Task prompt: Copy out exactly the lines beginning with the one that contains "Prendre une photo" and ending at the last line of the listing, skipping any pictures.

Data shown:

== Segment start ==

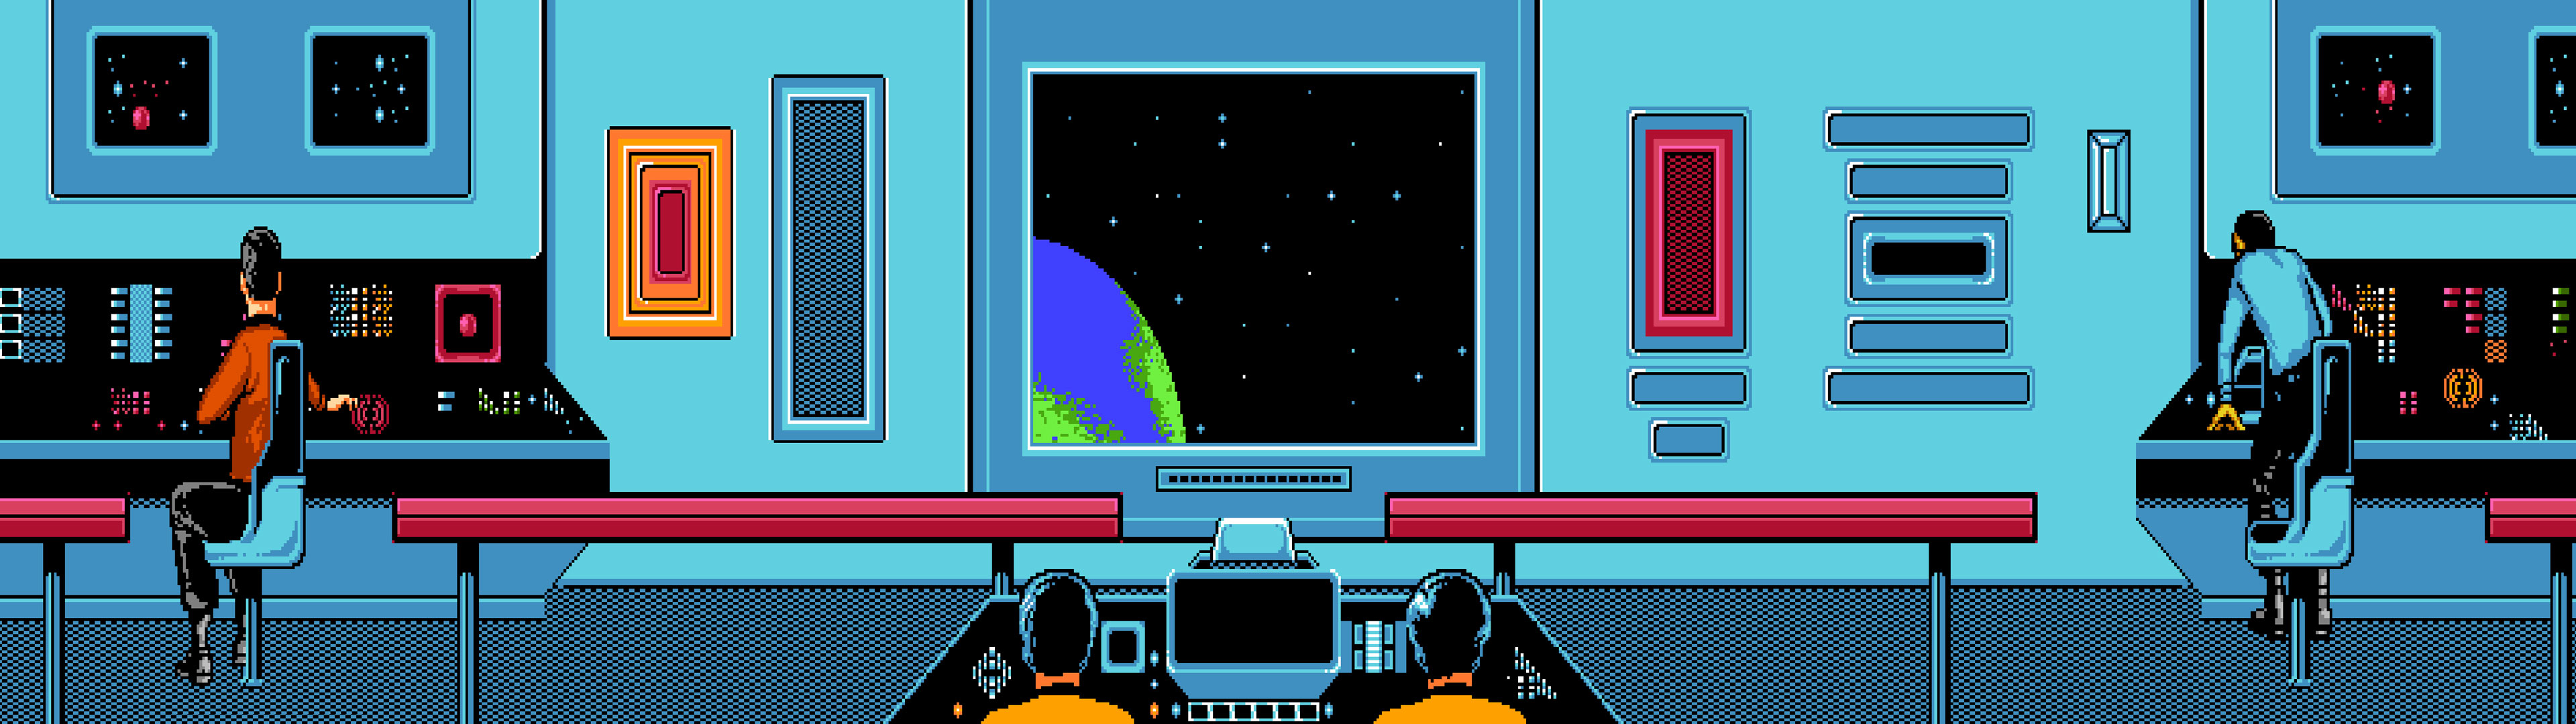 Multi Monitor Dual Screen Video Games Retro Classic Sci Fi Science
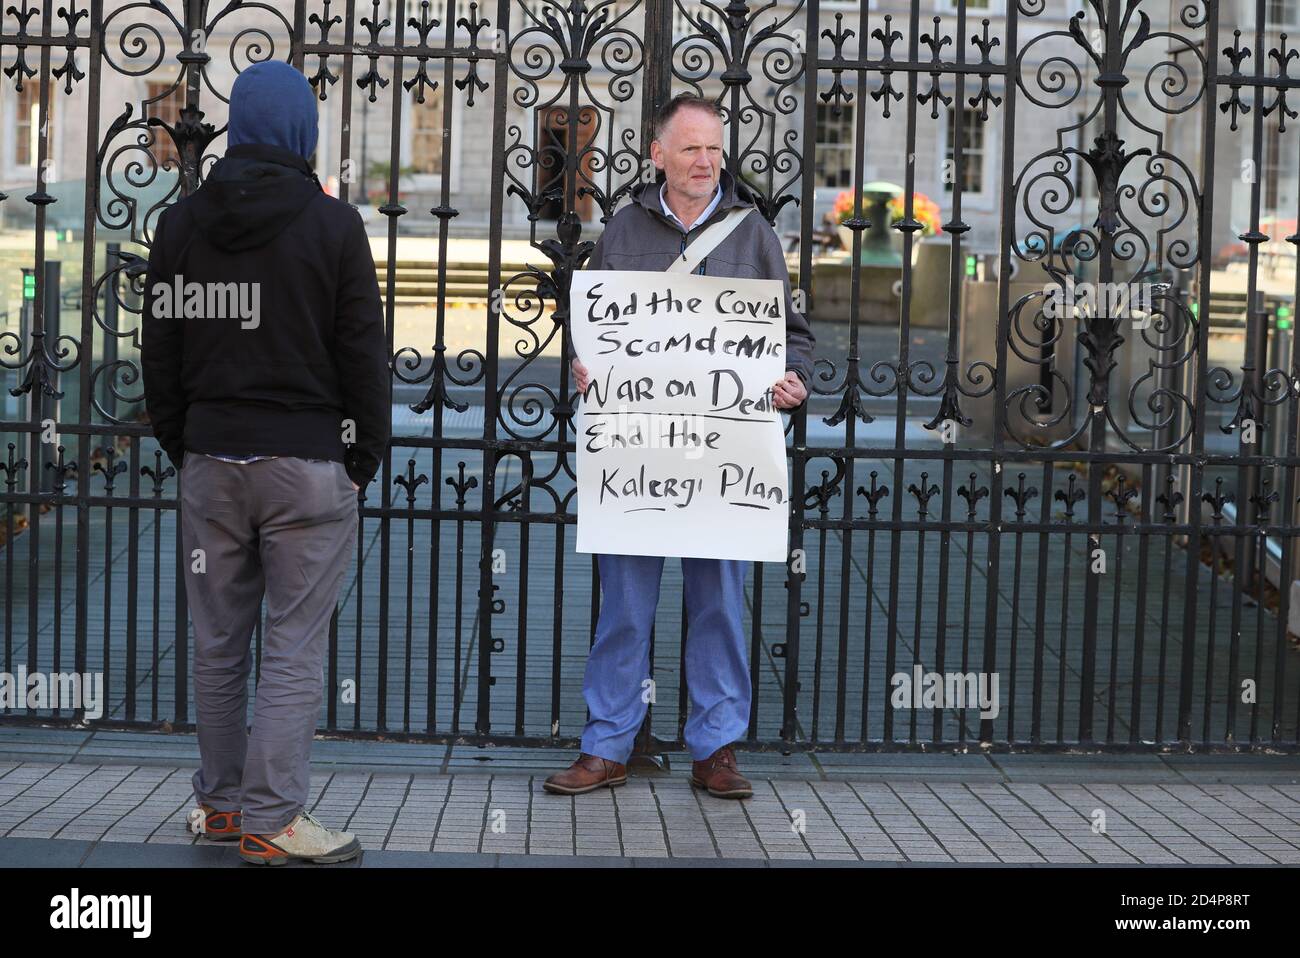 Un homme qui participe à une manifestation anti-verrouillage à l'extérieur de Leinster House, Dublin, alors que l'Irlande continue d'être dans une écluse nationale de niveau 3 du coronavirus. Banque D'Images
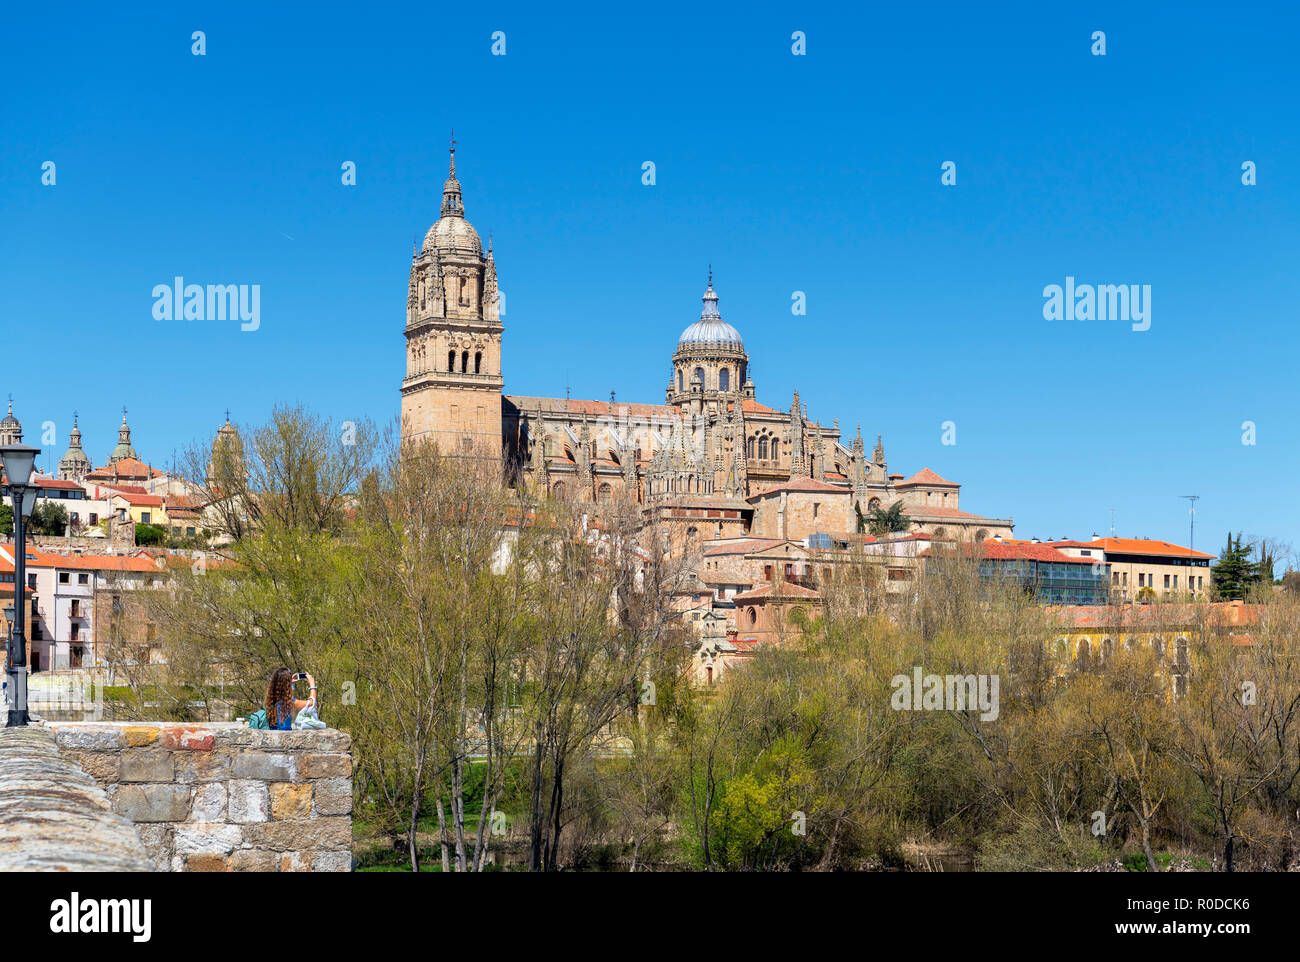 Prendre une photo de tourisme La vieille ville et des cathédrales de la Puente Romano (pont romain), Salamanca, Castilla y Leon, Espagne Banque D'Images
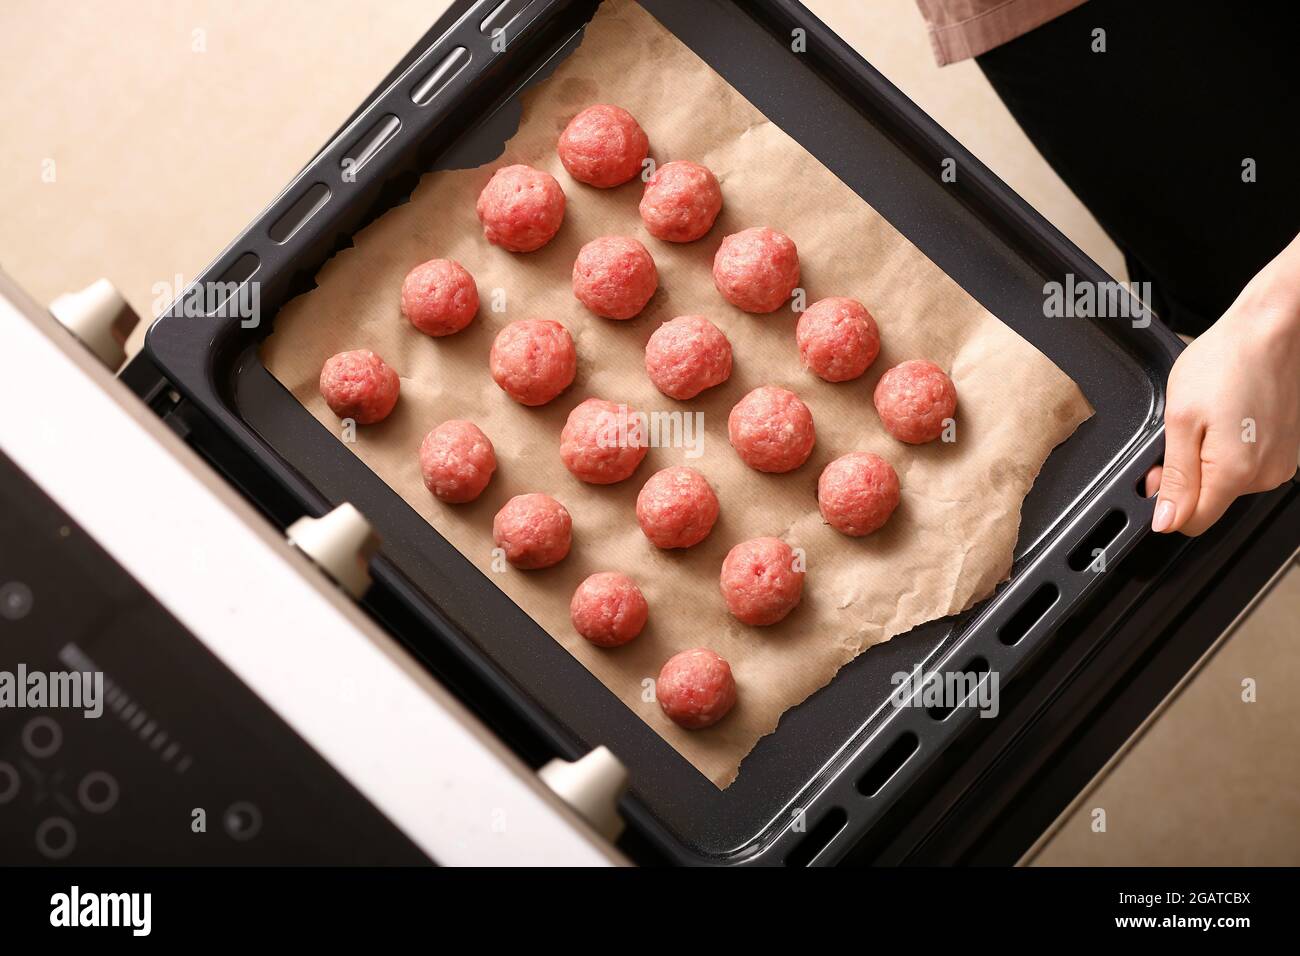 Frau, die Backblech mit rohen Koteletten aus frischem Zopf in den Ofen  legt, Nahaufnahme Stockfotografie - Alamy

== Segment end ==

Response to the task:
 Prendre une photo de tourisme La vieille ville et des cathédrales de la Puente Romano (pont romain), Salamanca, Castilla y Leon, Espagne Banque D'Images
 Frau, die Backblech mit rohen Koteletten aus frischem Zopf in den Ofen  legt, Nahaufnahme Stockfotografie - Alamy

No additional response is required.